PURPOSE: To evaluate the ability of anti-1-amino-3-anti-1-amino-3-[18 F]fluorocyclobutane-1-carboxylic acid ([18 F]fluciclovine) positron emission tomography/X-ray computed tomography (PET/CT) in comparison to Technetium-99m 2-methoxy isobutyl isonitrile ([99m Tc]sestamibi) single-photon emission computed tomography/CT (SPECT/CT) for the localization of hyperfunctioning parathyroid glands in patients with hyperparathyroidism.

PROCEDURES: Four patients with hyperparathyroidism underwent 60-minutes sequential neck and thorax PET/CT after [18 F]fluciclovine (352 ± 28 MBq) injection. Lesion uptake and target-to-background ratios (TBR) were compared with [99m Tc]sestamibi (798 ± 27 MBq) SPECT/CT in the same patient.

RESULTS: Both techniques detected 4/5 hyperfunctioning parathyroid glands identified at surgery. The highest [18 F]fluciclovine uptake and TBRs were at 5-9 min with rapid washout. [99m Tc]sestamibi had significantly higher TBRs compared with [18 F]fluciclovine (5-9 min) for blood pool (10.9 ± 4.7 vs 1.3 ± 0.6; p < 0.01) and reference muscle backgrounds (5.8 ± 3.0 vs 1.7 ± 0.6; p < 0.01), with non-significant trend for thyroid tissue background (1.3 ± 0.5 vs 1.1 ± 0.5; p = 0.73).
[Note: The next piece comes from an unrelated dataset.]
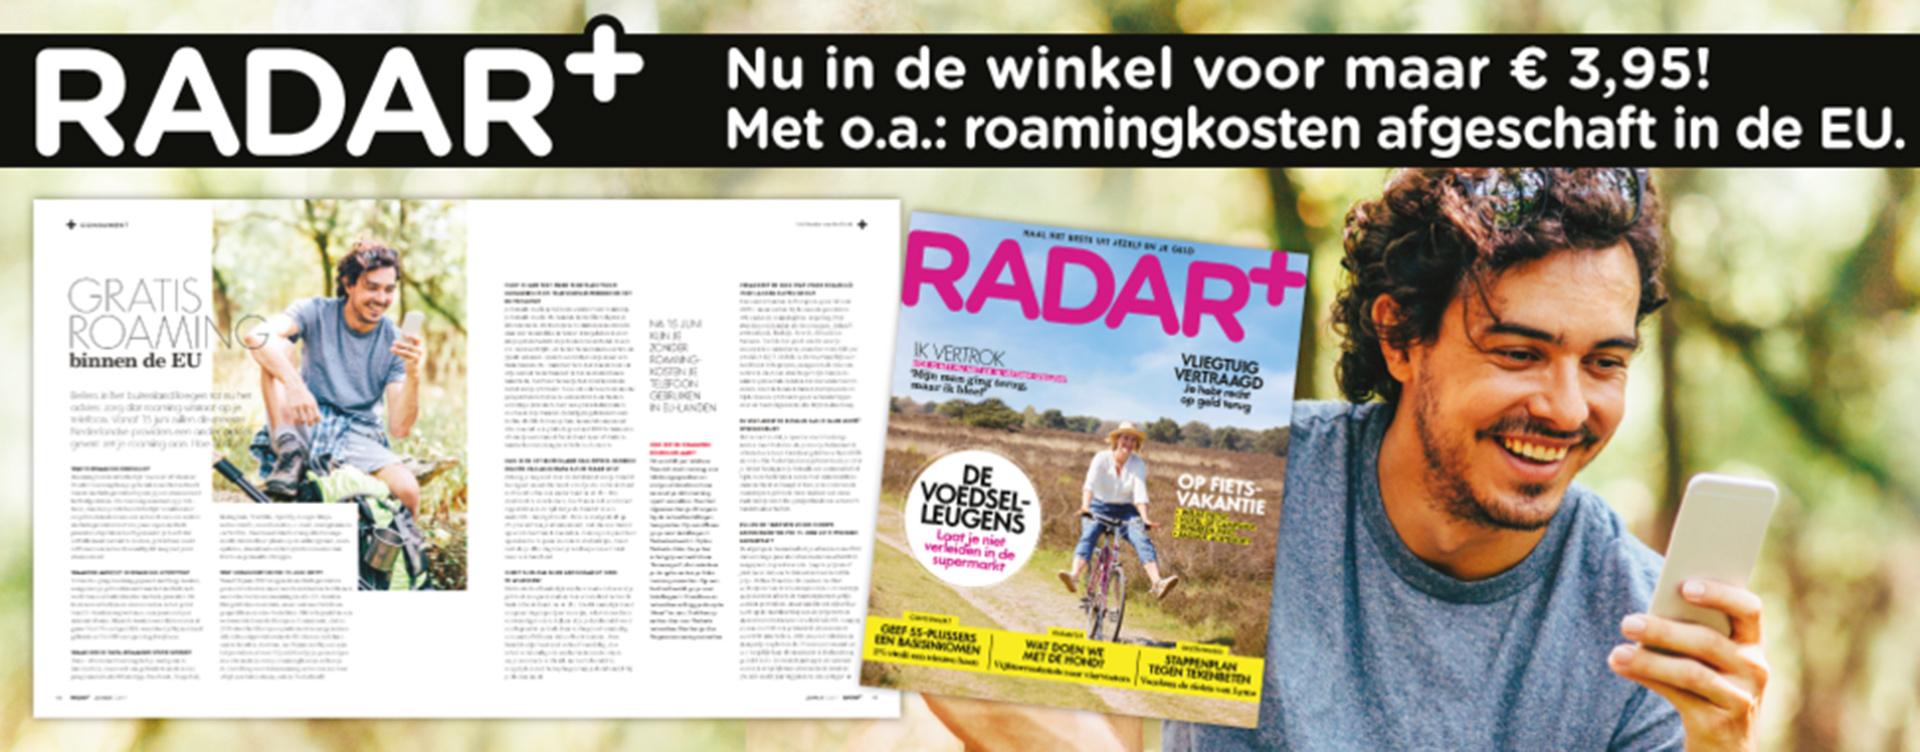 radar-gratis-roaming1920

CONCLUSION: Hyperfunctioning parathyroid glands can be detected on [18 F]fluciclovine PET/CT at early imaging, but conspicuity (TBR) is better with [99m Tc]sestamibi. [18 F]fluciclovine PET/CT does not seem promising in the detection of hyperfunctioning parathyroid glands.